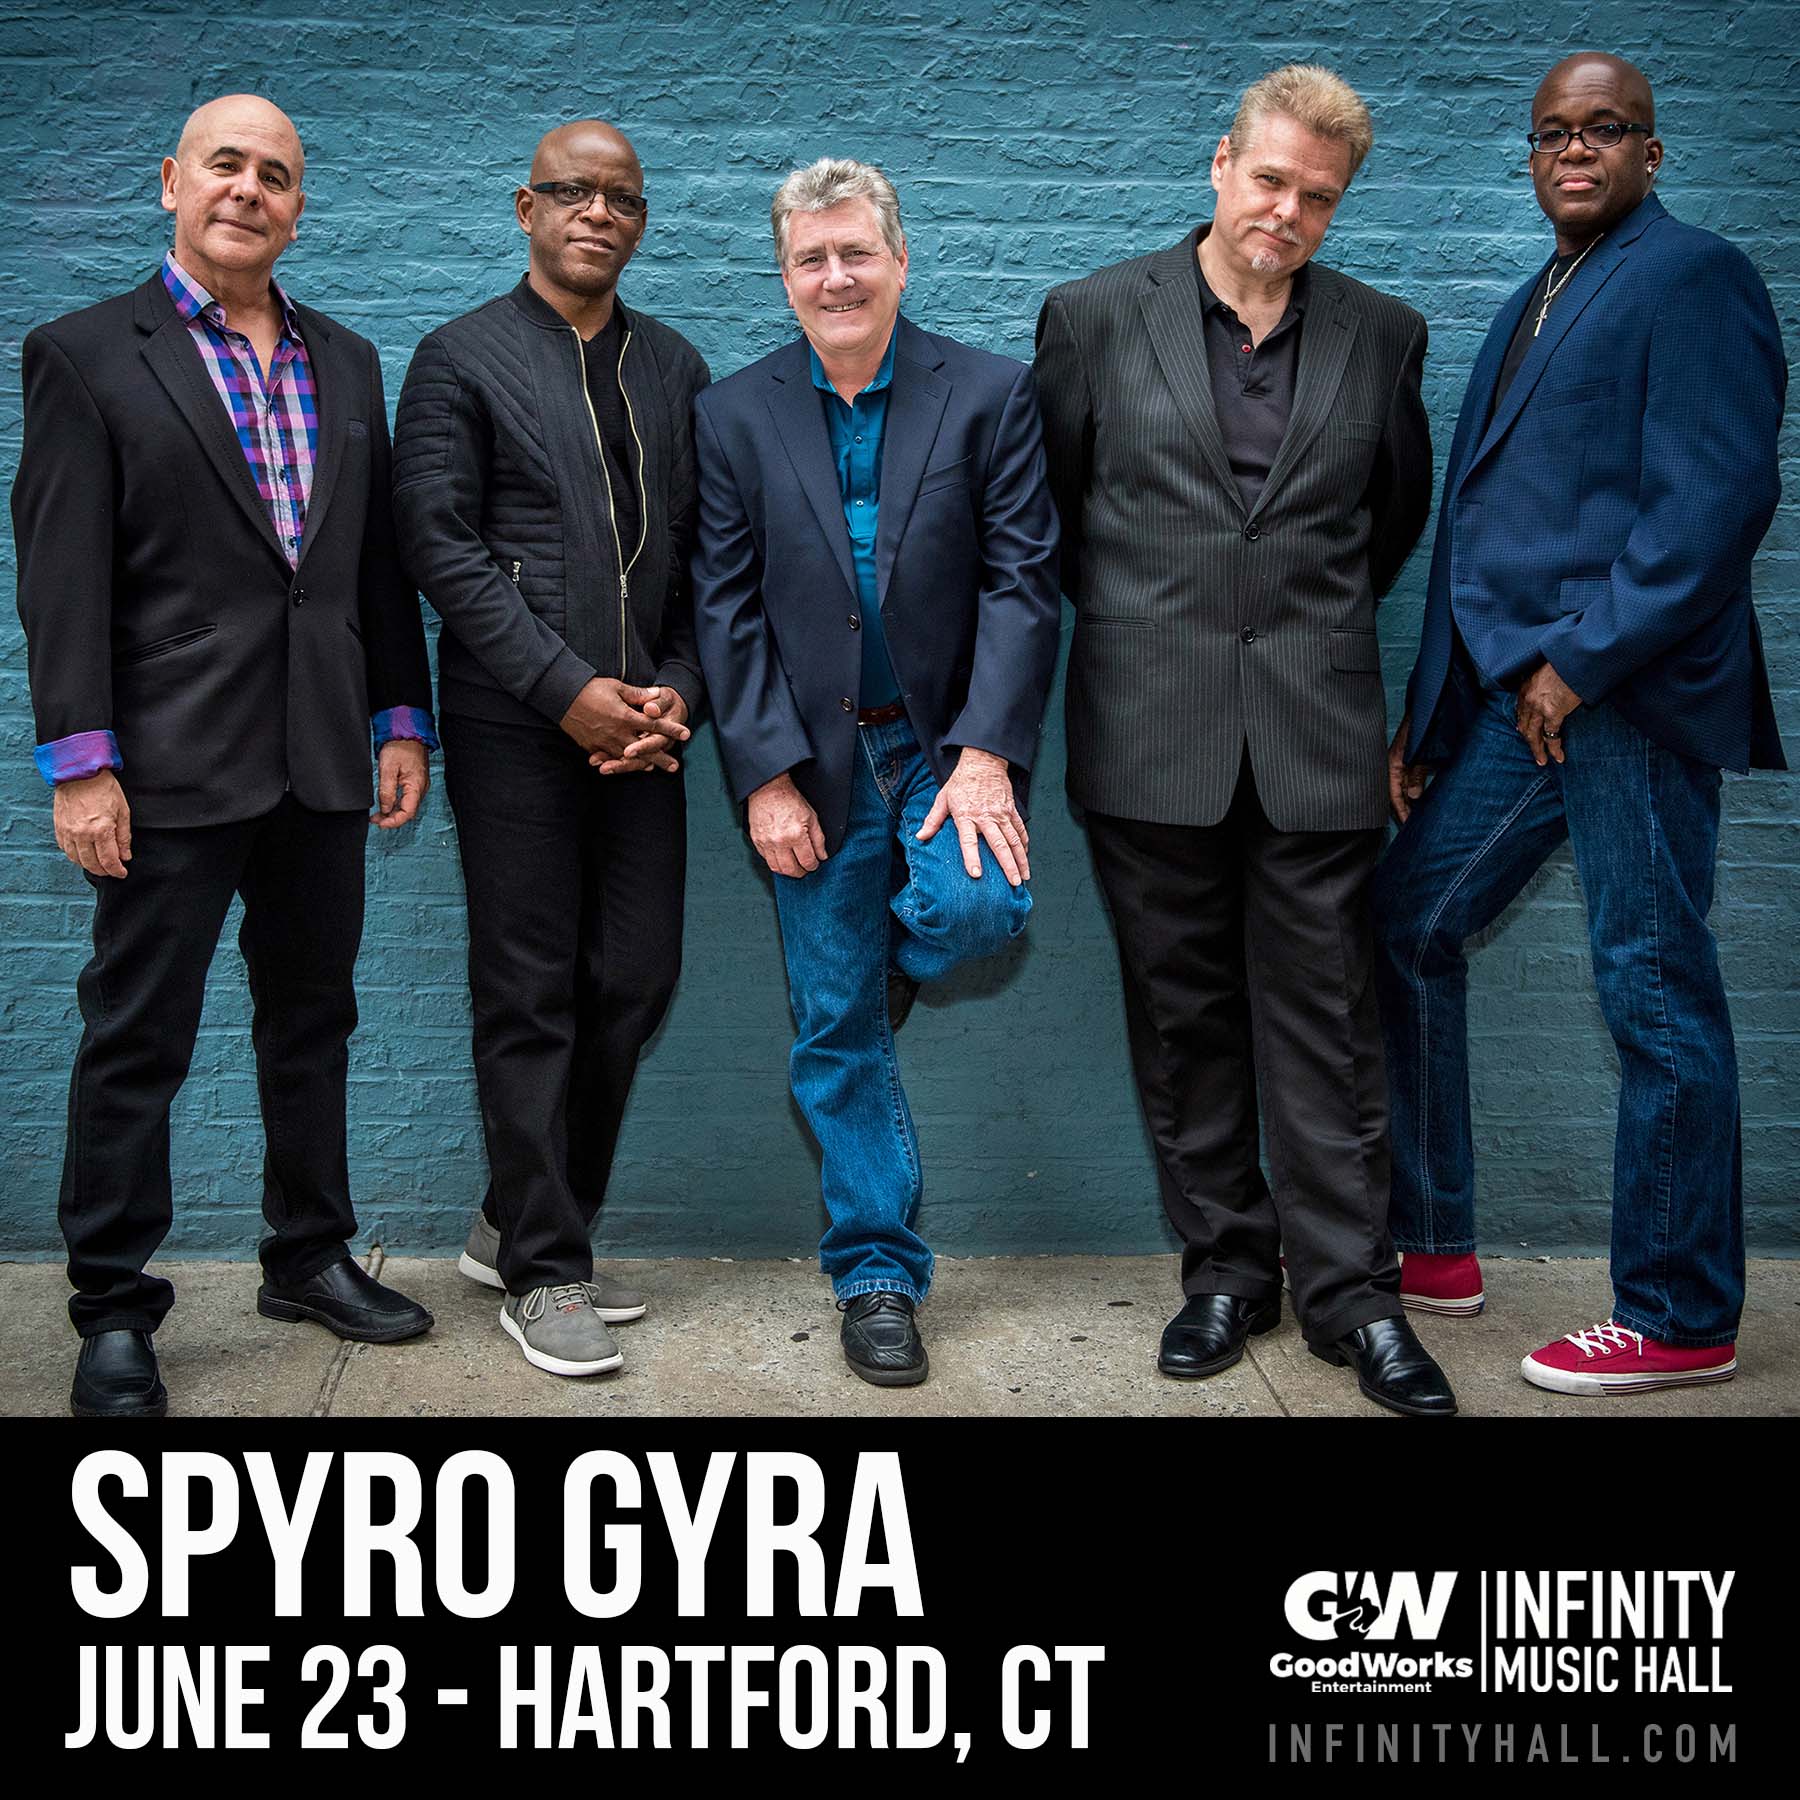 Buy Tickets to Spyro Gyra in Hartford on Jun 23, 2023
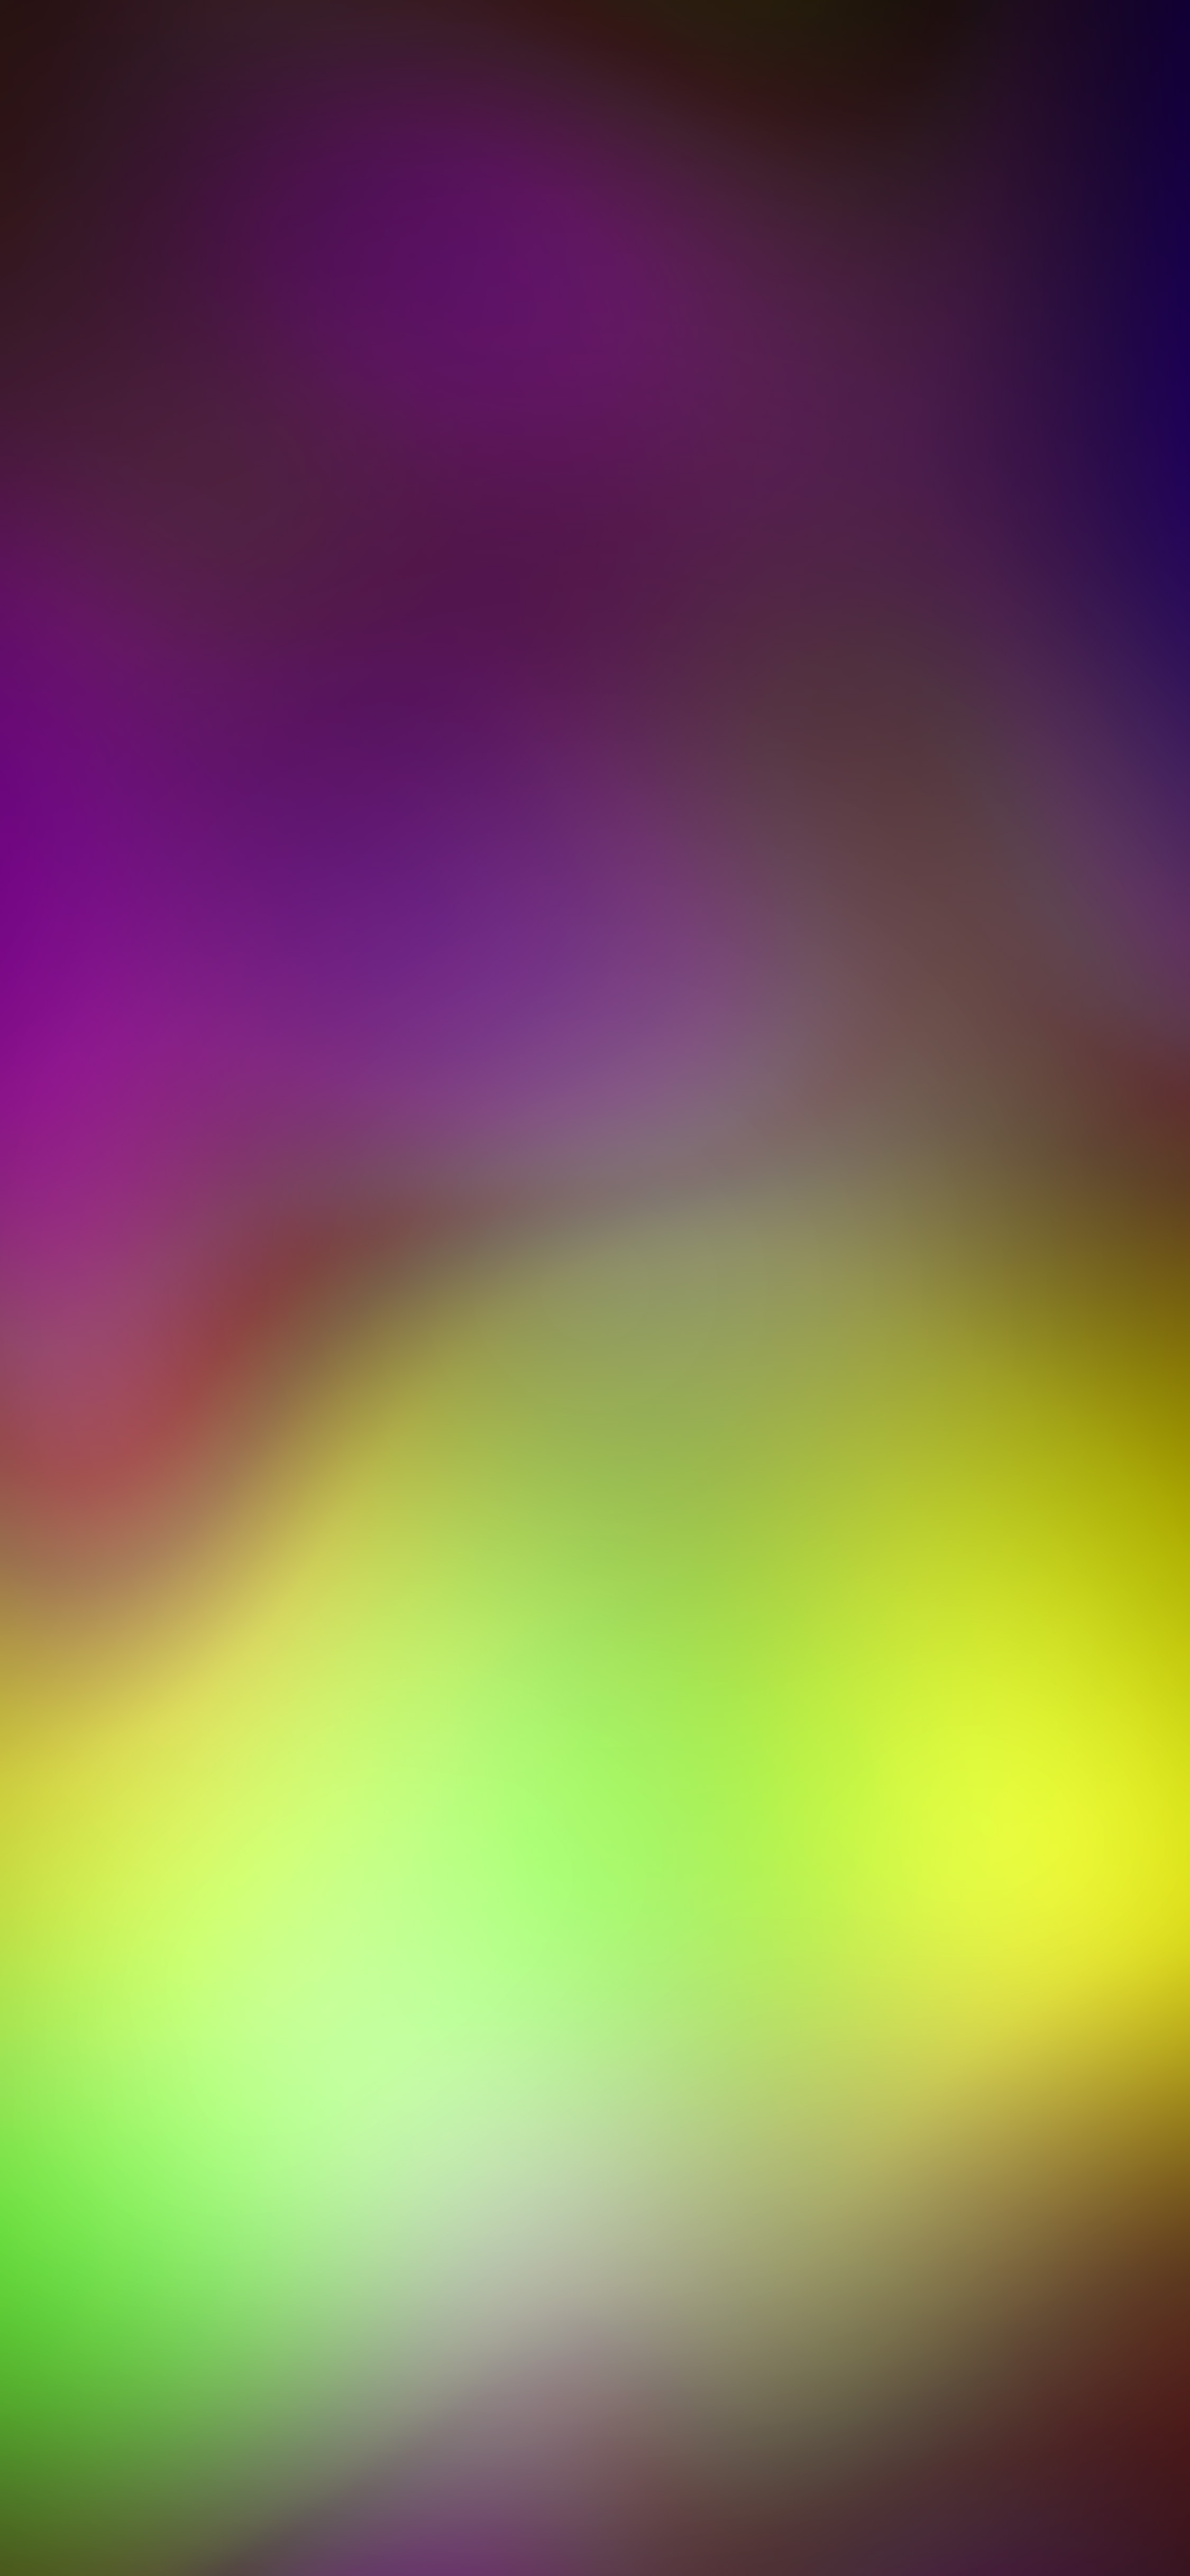 General 2250x4872 iPod iPhone iPad iOS colorful portrait display
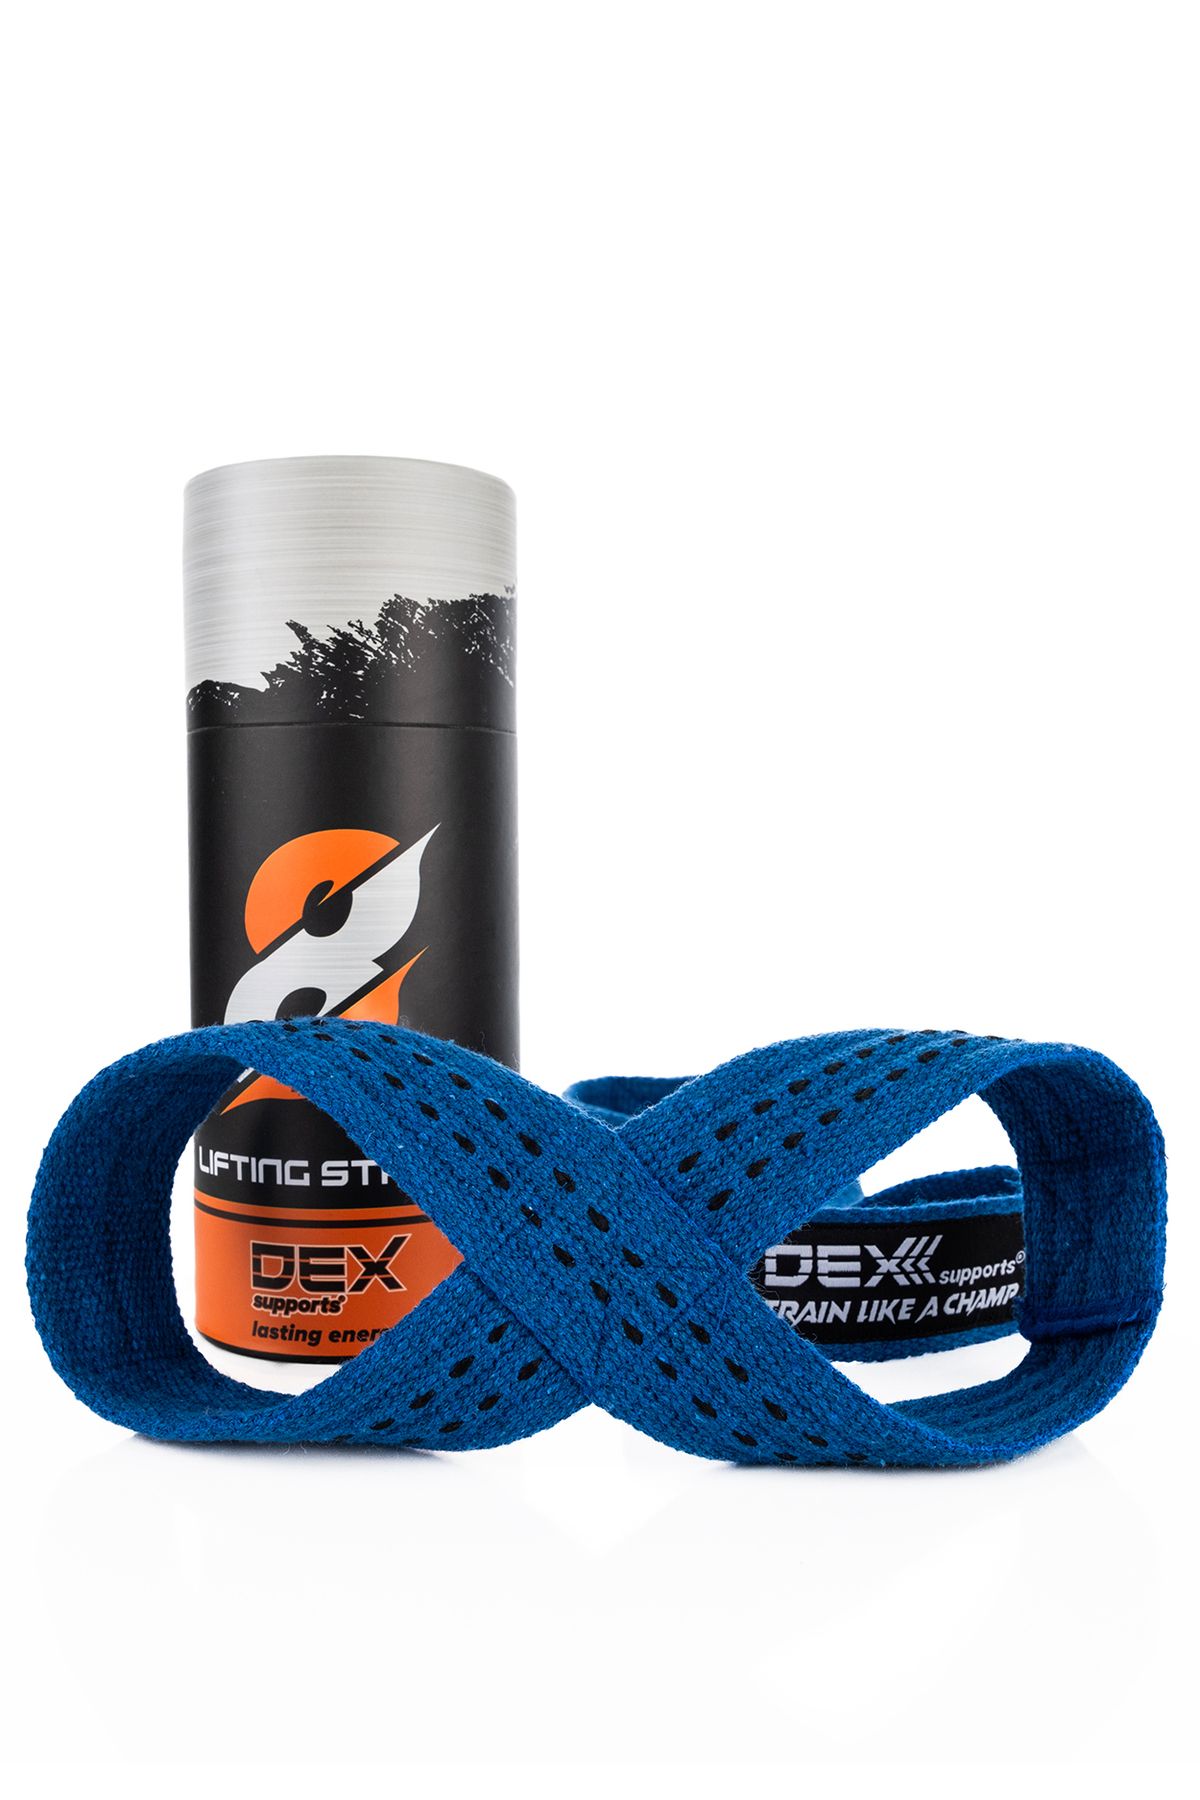 Dex Supports Lasting Energy Figure 8 Loop Lifting Straps Limited Edition 2li Paket

▶ [Work task]:
Nothing but the lines from the line containing "General 2250x4872 iPod" through the last line of the material may be output, and they must be copied exactly, without pictures.

▶ [Output of the exercise]:
 General 2250x4872 iPod iPhone iPad iOS colorful portrait display
 Dex Supports Lasting Energy Figure 8 Loop Lifting Straps Limited Edition 2li Paket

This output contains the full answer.